Virginia Is Not Your Home by Jocelyn Nicole Johnson, 2020
The magic trick:
Second-person narration imbued with familiarity telling a story of longing for community and familiarity
We’ve got a weekend double for you with two great stories from newcomer/late bloomer/the author who gives hope to all of us saying maybe I’ll get my big break when I’m 50 Jocelyn Nicole Johnson.
Both stories this weekend are in the second person. It’s a bold choice; one that risks drawing attention away from the story’s actual content. But in both case, I’d argue it’s a choice that works exceptionally well.
Here, in “Virginia Is Not Your Home,” the second person narration is especially poignant. The narration style inherently creates familiarity if not downright intimacy between the narrator and the reader. There is an assumption of shared experience.
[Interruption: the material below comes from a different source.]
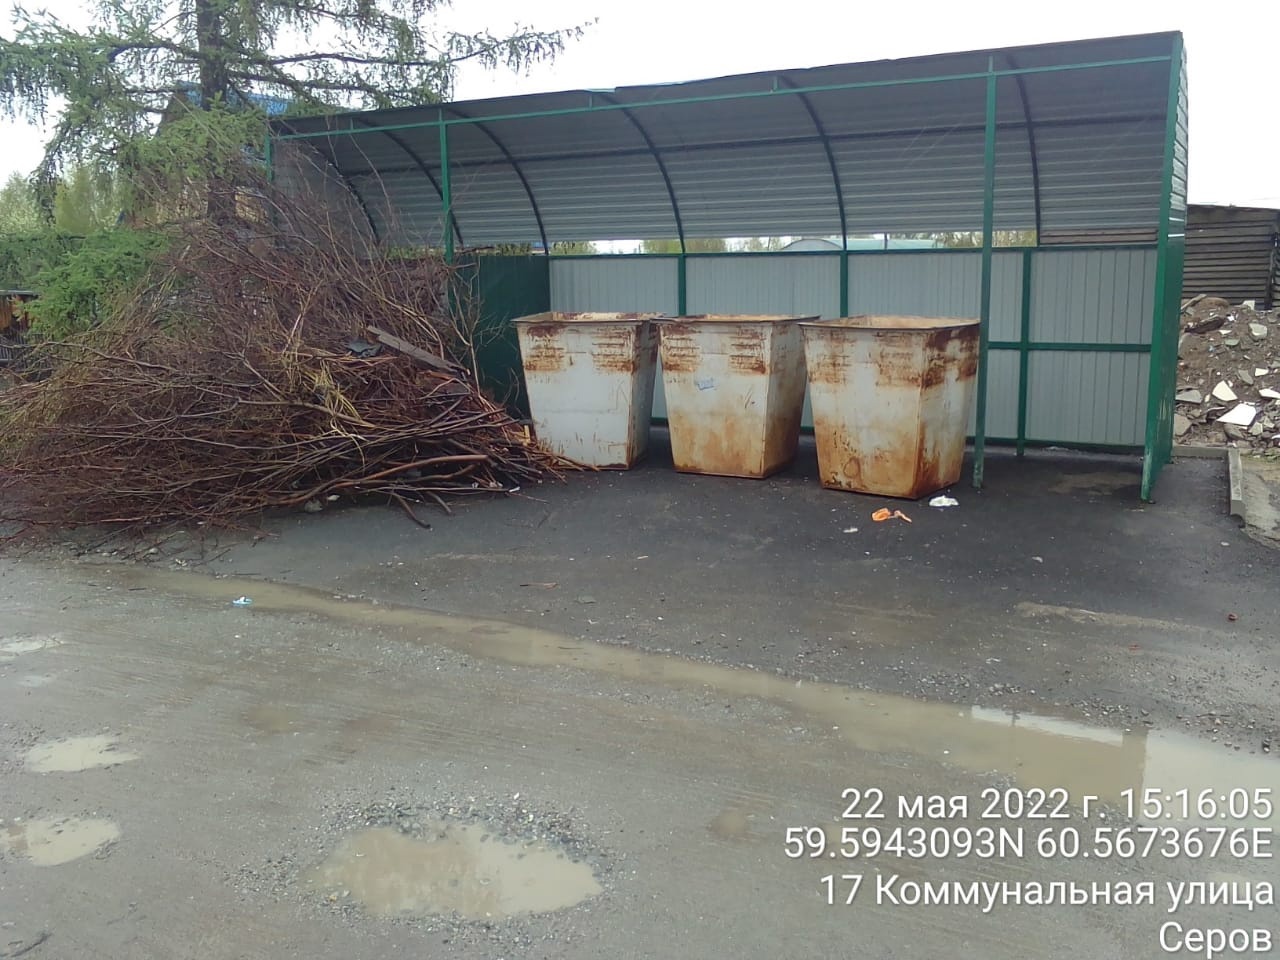 140 случаев навалов веток рядом с мусорными контейнерами выявлены на Урале
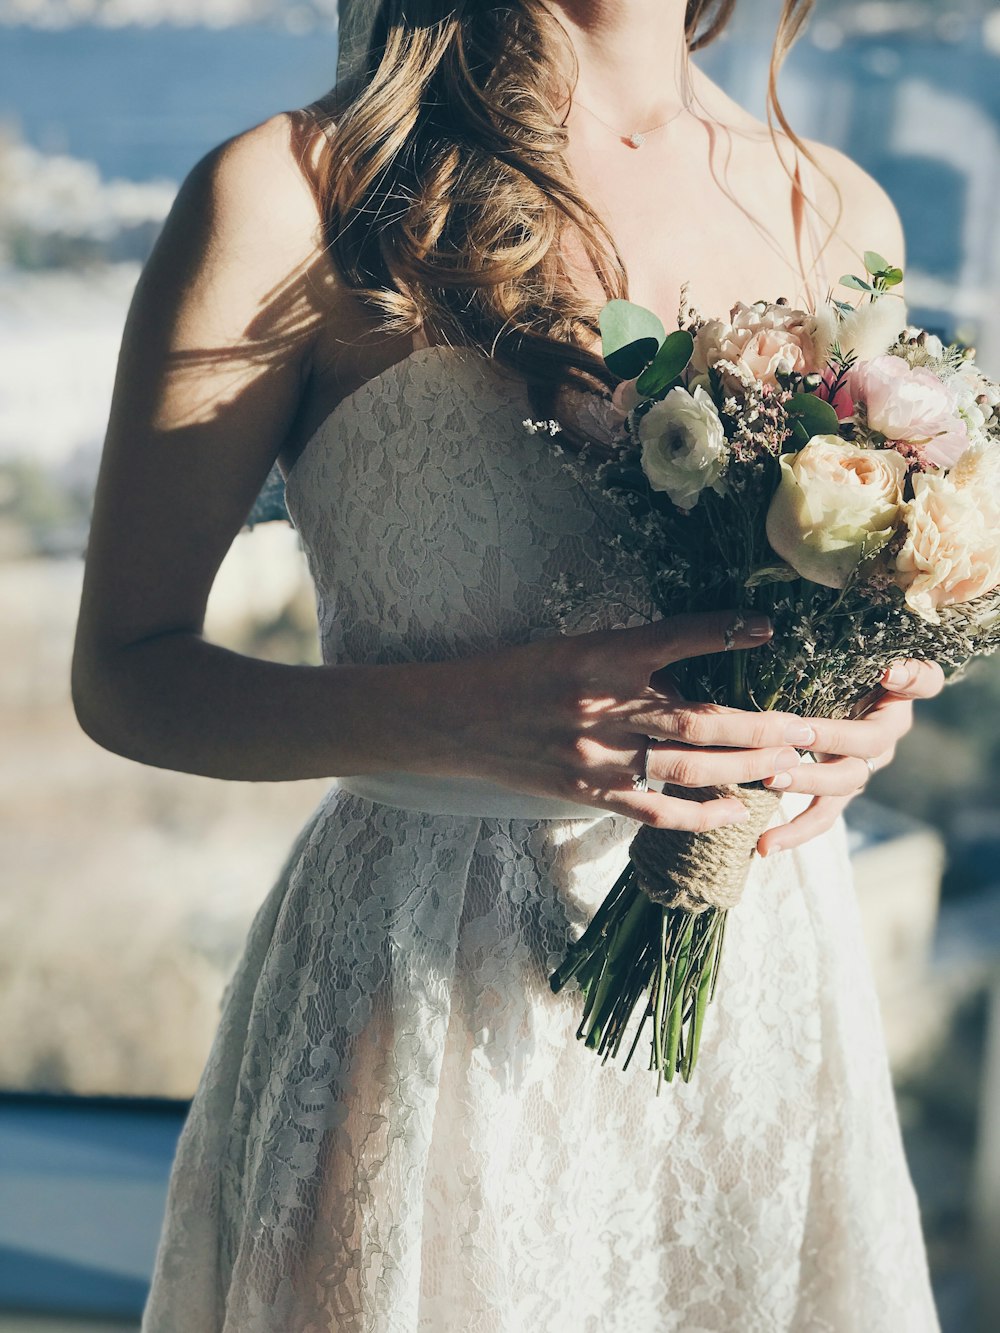 꽃을 들고 흰색 꽃무늬 끈이 없는 드레스를 입은 여자

But this is a story – if the story wasn’t clear enough for you – about alienation. It’s about longing for community, for home. It’s about looking for anyone who might have the kind of shared experience this kind of narration implies.
So when you have this intimate narration detailing something that is so individual and so disconnected from community, the result is a feeling of sadness and uneasiness for the reader. Which, in what really is the story’s masterstroke, is finally that long-sought shared experience moment.
And that’s quite a trick on Johnson’s part.
The selection:
Motherhood presents itself as a dull ache at your center. Your husband sounds ecstatic on the phone: He’ll be home in five days, seven at the most. Hang up and call Momma, who gets to sobbing – from joy? From grief? Eat unrolled Ho Hos and fried thick-cut bologna. Don’t ask yourself, Where am I headed now?